Toro ranks in the 94th Percentile in Sweet Spot% (43.6%) while having an above-average .377 xwOBACON (Expected Weighted On-Base Average on Contact) which attempts to measure how well you impact the baseball. Paired with an 80th Percentile Whiff Rate (18.2%) and 55th Percentile SEAGER score, you have a hitter who is above average in a variety of important metrics. The results speak for themselves, sporting a 135 wRC+ and .800 OPS through his first 41 games.

It may seem like I’m suggesting the Yankees find Gleyber Torres’ replacement for 2024, but I still think he has a chance to find it.

MLB: New York Yankees at Baltimore Orioles, gleyber torres
Credit: Tommy Gilligan-USA TODAY Sports

Instead, this is a chance for the Yankees to find a stable option in the infield who can then move over to second base when Gleyber Torres becomes a free agent. The Athletics currently have team control over Toro through the 2026 season, and he’s only 27 years old. While his offensive skillset never clicked before this season, he’s always had the talent and tools to become a quality MLB contributor at the Major League level.

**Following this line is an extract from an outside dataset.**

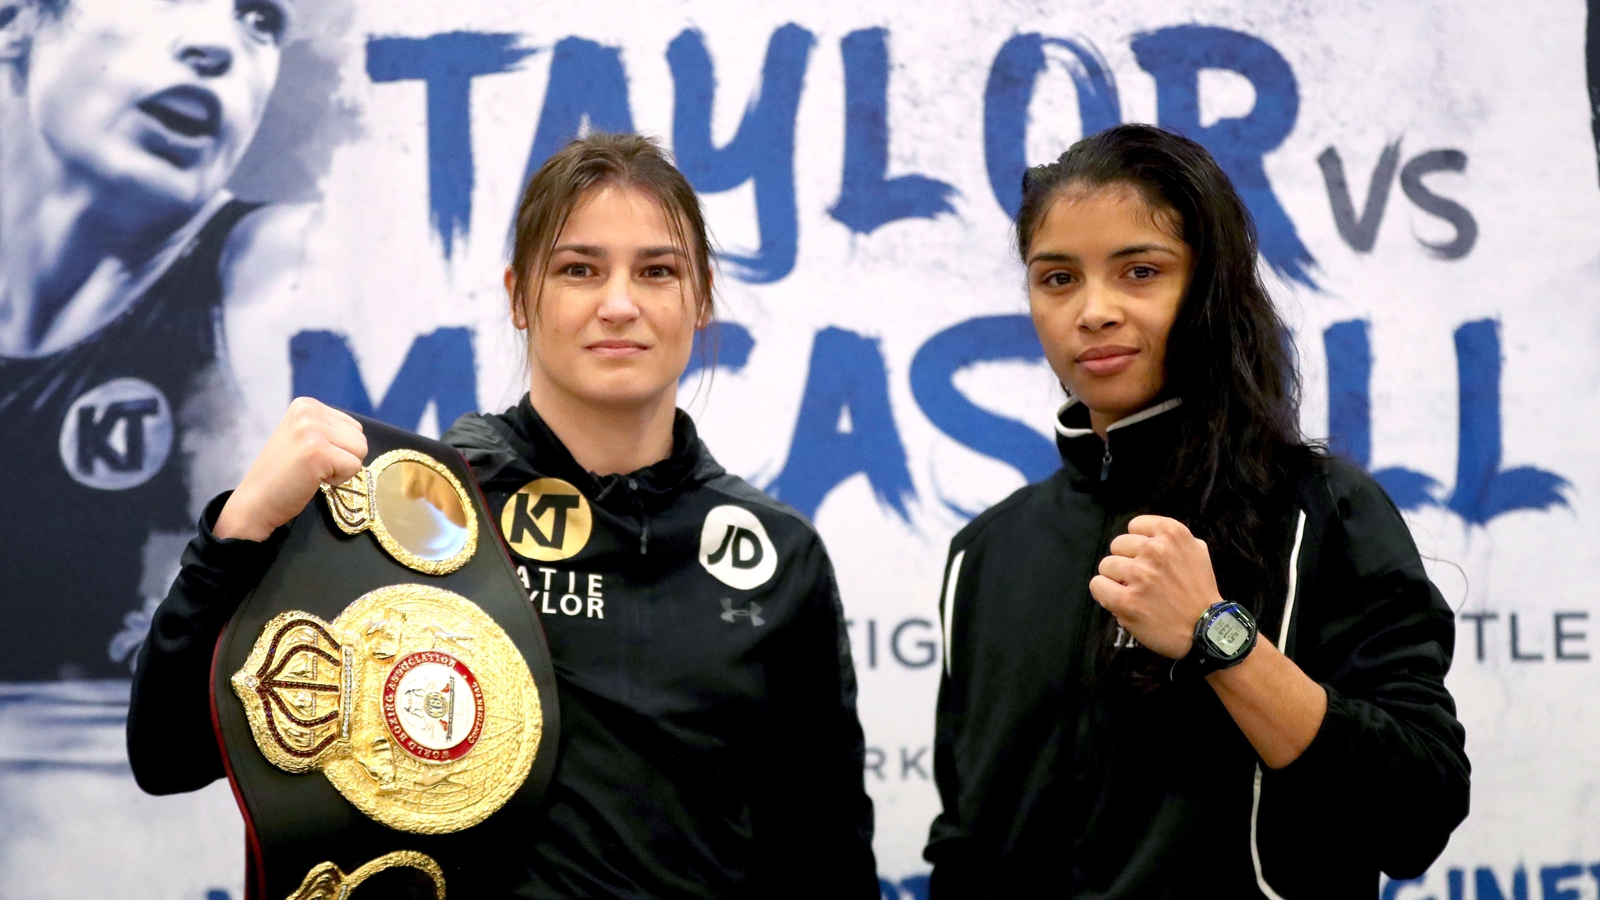 Katie Taylor shares more with her opponent than a ring
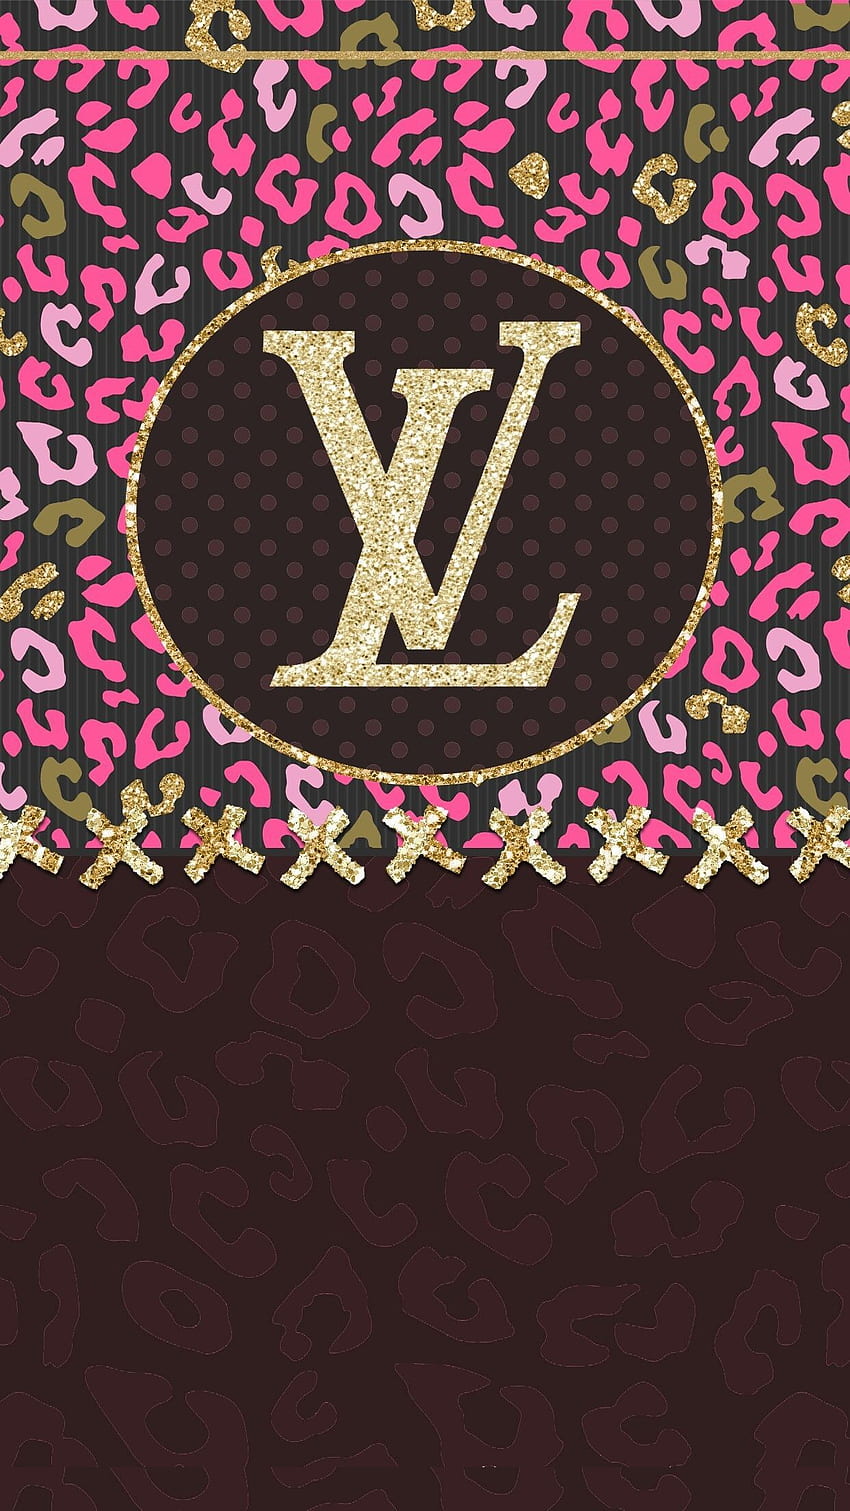 iPhone 7 Wallpapers on X: #louisvuitton fans will just love this #designer  #iPhone7 wallpaper compatible with the #iPhone7PlusRed download:    / X

Defensively, Abraham Toro is better at third base than second base historically, but he profiles as an average option at both positions. He ranks in the 70th Percentile in Sprint Speed, so there’s plenty of mobility in his profile that can make him a nice weapon on the bases if there is a stolen base opportunity. Still in year one of arbitration, Toro is set to make $1.3 million in 2024, which means his Luxury Tax hit wouldn’t be as massive as other potential additions at the deadline, keeping the team flexible enough to add more pieces.

As a switch-hitter he can help the Yankees in matchups against lefties and righties, profiling well at Yankee Stadium given his ability to pull the ball in the air.

There’s a chance that Abraham Toro can sustain being a strong hitter in the infield, providing a versatile punch to their lineup at positions of need. With his lack of consistency before 2024, his trade value shouldn’t be enormous, but he is still worth a good bit on the market given the fact that he has 2.5 years of control. If the Yankees wanted to make this kind of trade, I think a deal centered around right-hander Clayton Beeter would make sense, given his uncertain command while having a strong arsenal.

Pairing him with a position player like Benjamin Cowles, who has a 161 wRC+ in Double-A and is Rule-5 eligible at the end of the season, could give the Oakland Athletics two cost-controlled players who should be MLB-ready by the time 2025 rolls around. Perhaps it’s a light package, but we won’t get a good idea of what Abraham Toro’s value is until we get closer to the deadline where his stats will likely regress from this point in time. The question is just how far his OPS will fall, but right now, he’s looking like the exact kind of infield bat this team could use.